Na terceira ocorrência, localizamos uma alusão ao estrangeiro em um desenho humorístico, onde existem três personagens em uma galeria de arte: duas moças e um senhor. Reconhecemos que o senhor é estrangeiro porque as moças referem-se a ele como ‘turista’ e pelo fato de o ‘turista’ carregar consigo grande quantidade de dinheiro de maneira explícita em seus bolsos. Para engrossar a representação de turista/“gringo cheio do dinheiro”, soma-se a circunstância de os personagens estarem, aparentemente, em uma galeria de arte, local onde não se costuma encontrar objetos de baixo valor. Além dessas observações, cabe também chamar atenção para os trajes formais do estrangeiro, acrescidos de uma bengala e uma cartola. Sua indumentária nos leva a duas possibilidades de contexto de origem: um lorde inglês, pelo traje em si, ou um americano, pela cartola que nos remete a um dos símbolos dos Estados Unidos da América, o Tio Sam.

Também, na contracapa da obra, temos a remissão ao americano, conforme descrito no início dessa seção – uma versão da Estátua da Liberdade, com vestes modernas, gravata borboleta e isqueiro aceso em lugar da tocha.

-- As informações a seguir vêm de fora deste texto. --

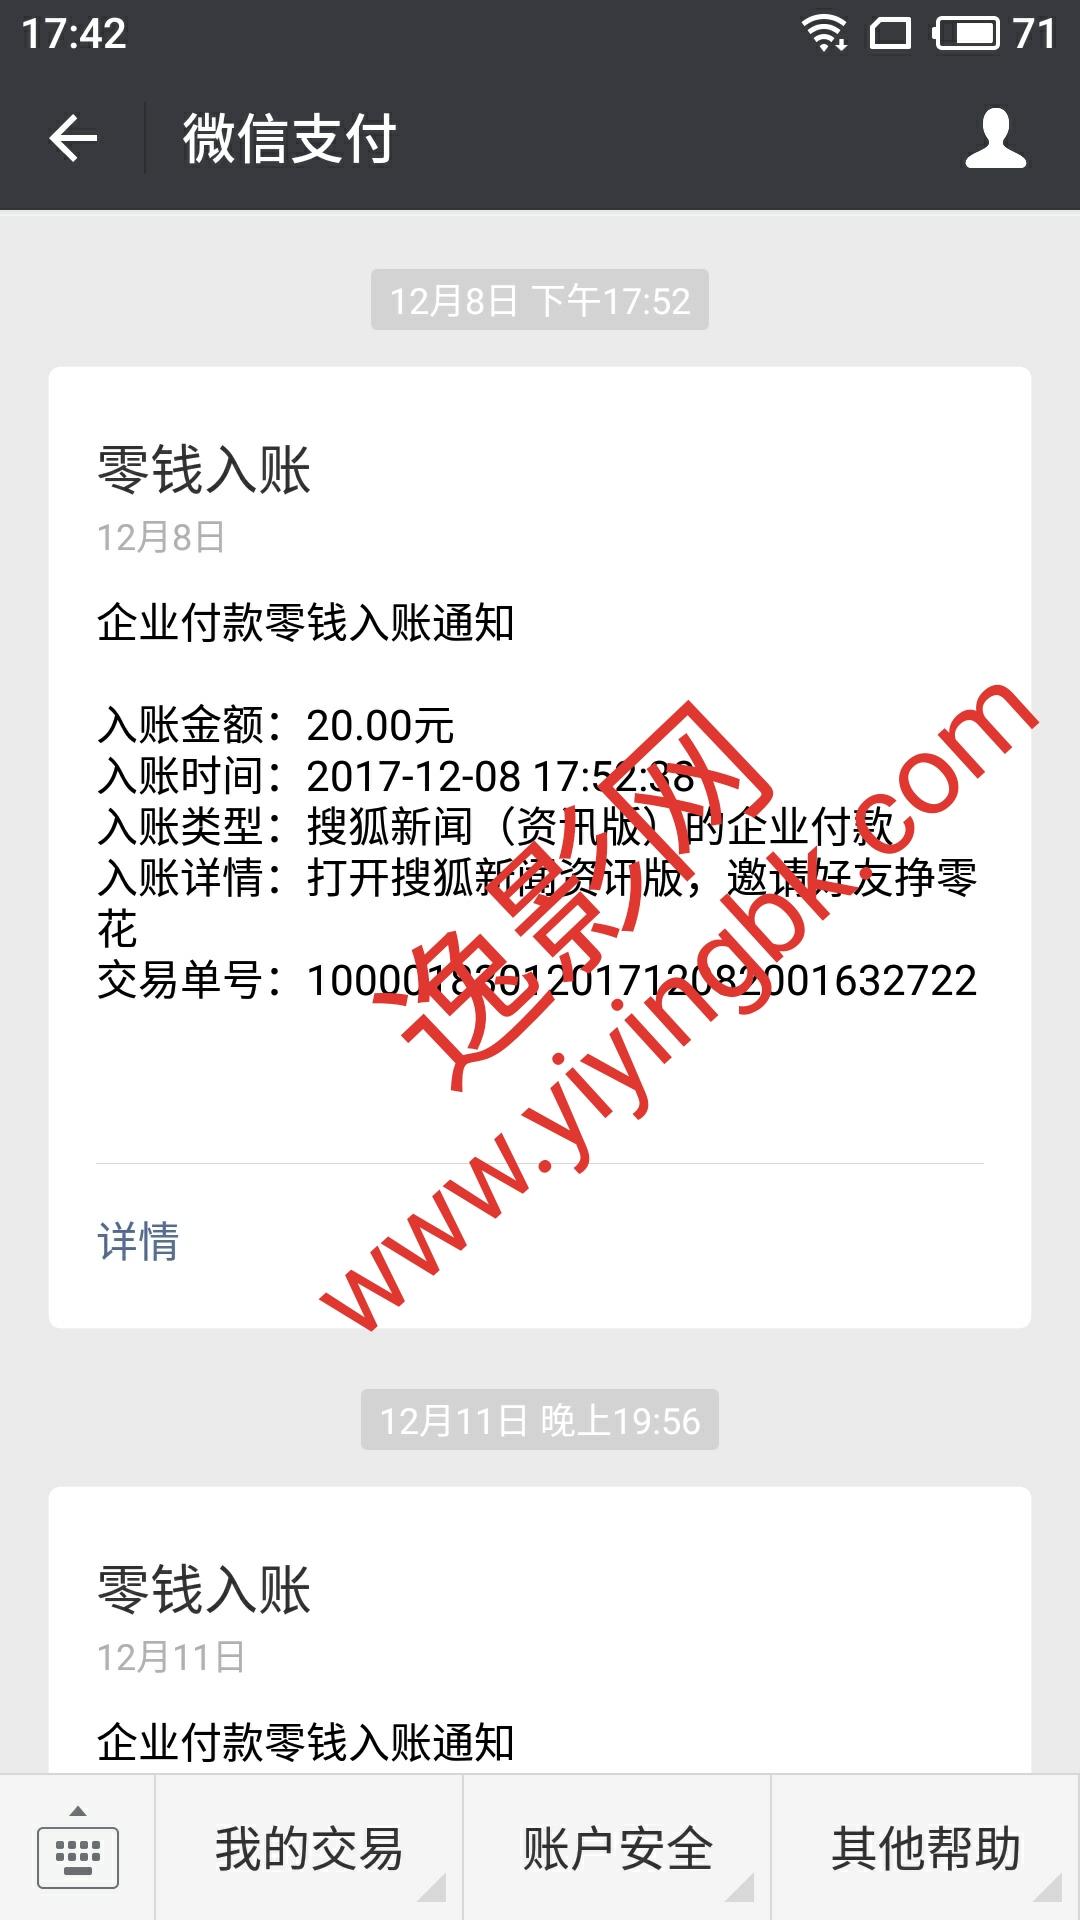 搜狐看新闻文章微信支付到账

Concluímos que, na obra de Behar, o estrangeiro é representado de mais de uma maneira: nos personagens simbólicos da capa e contracapa; na figura de personagens históricos (D. Manuel e D. João V); de forma ampla e levando em conta o fator humano, no papel do Outro semelhante, aquele que, em contraste com o nosso sertanejo que não se apavora frente à calamidade da seca que o rodeia, teme os fenômenos da natureza, como os peruanos que se atemorizam com os terremotos que os atingem frequentemente; no papel do navegador, explorador, colonizador português; na figura do imigrante, com os franceses; na figura do turista/“gringo cheio da nota”, como o americano na galeria de arte; e, igualmente de forma ampla, no papel do Outro ameaçador, como o estrangeiro “rapaz”, e o Outro estranho, como o “árabe esquisito”.

Grande parte das representações do estrangeiro na obra de Behar não remete ao contexto temporal em que esta se inscreve. A maioria das representações do

estrangeiro ou aponta para o passado ou remete à sua condição primeira de humano: teme as catástrofes da natureza; aflige-se com a ameaça do desconhecido; incomoda- se com o diferente.